The No-Kids-Allowed Movement is Spreading

Posted By on July 28, 2011

From Yahoo:

What’s the matter with kids today and why doesn’t anyone want them around? In June, Malaysia Airlines banned babies from many of their first class cabins, prompting other major airlines to consider similar policies.”

Babies. As Christians, we believe God when He tells us that babies are a blessing.

http://shine.yahoo.com/channel/parenting/the-no-kids-allowed-movement-is-spreading-2516110

Stacy McDonald of Your Sacred Calling also shares a link to an article about the “brat ban” with these comments:

Society is honestly living out their belief that children are a burden. Sadly, until Christians start “living out” the truth that children are a blessing, society won’t “get it.” This is our fault. We have a responsibility to glorify God when we’re out – it communicates something. Prepare them ahead of time by training them at home and making sure they are dressed decently with their hair brushed etc. when they go out in public.
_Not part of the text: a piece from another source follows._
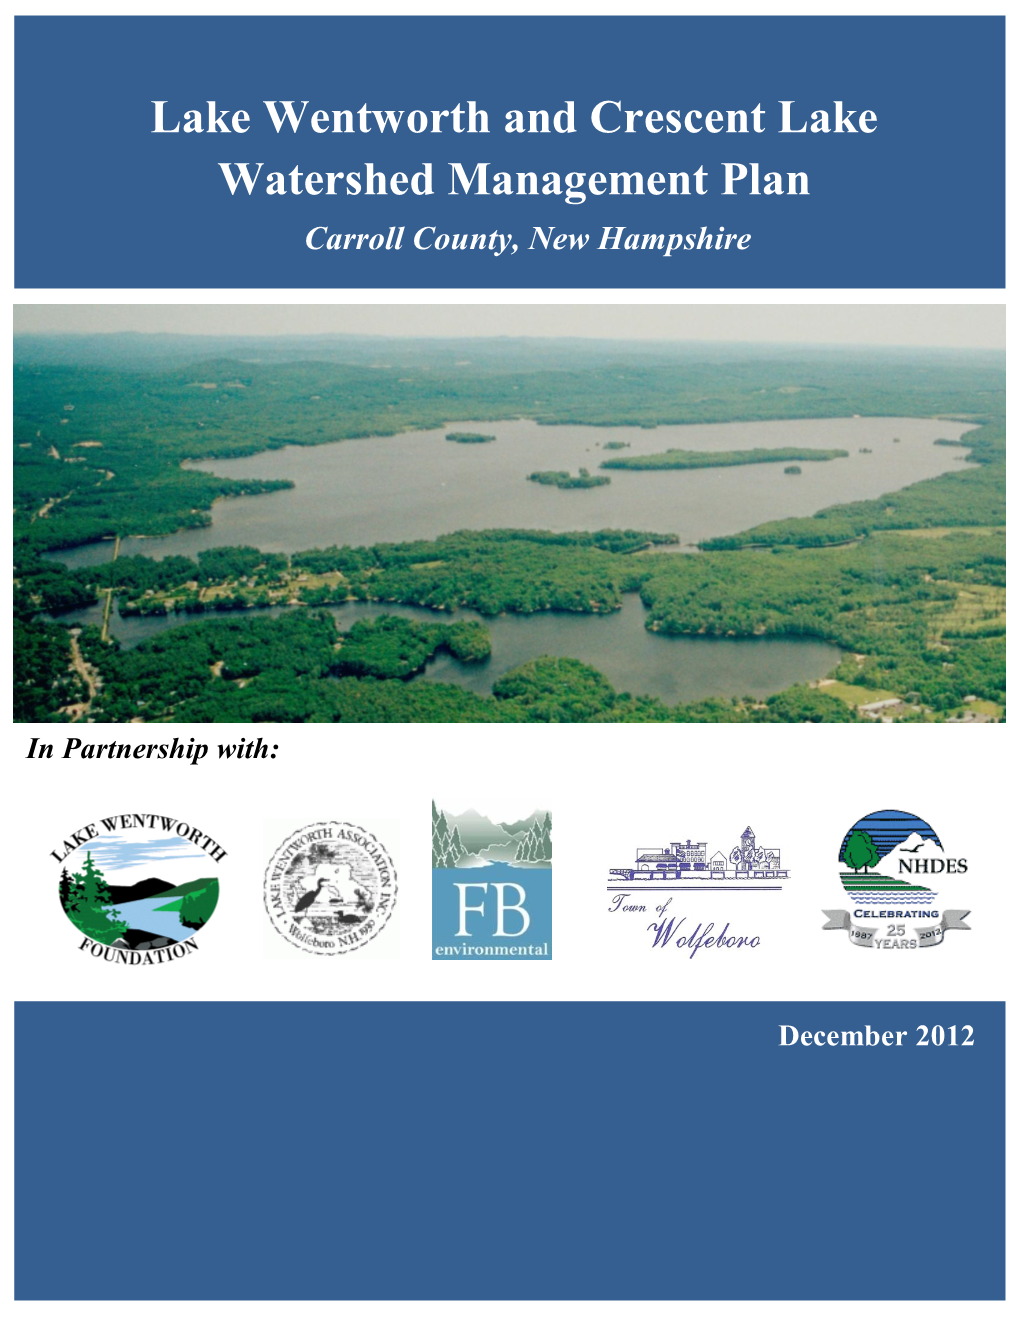 Lake Wentworth and Crescent Lake Watershed Management Plan

Of course, there will be the horrifying exception (I had one child with special needs who really struggled with self control), but we can prepare ahead to make it easier for them to behave and bless others.  One simple way is to make sure you don’t go out at nap time. Another is to make sure they eat lunch BEFORE going to the grocery store. Avoid sugar, MSG, and red dye. Train them at HOME before you take them out and do all you can to make it easier for them.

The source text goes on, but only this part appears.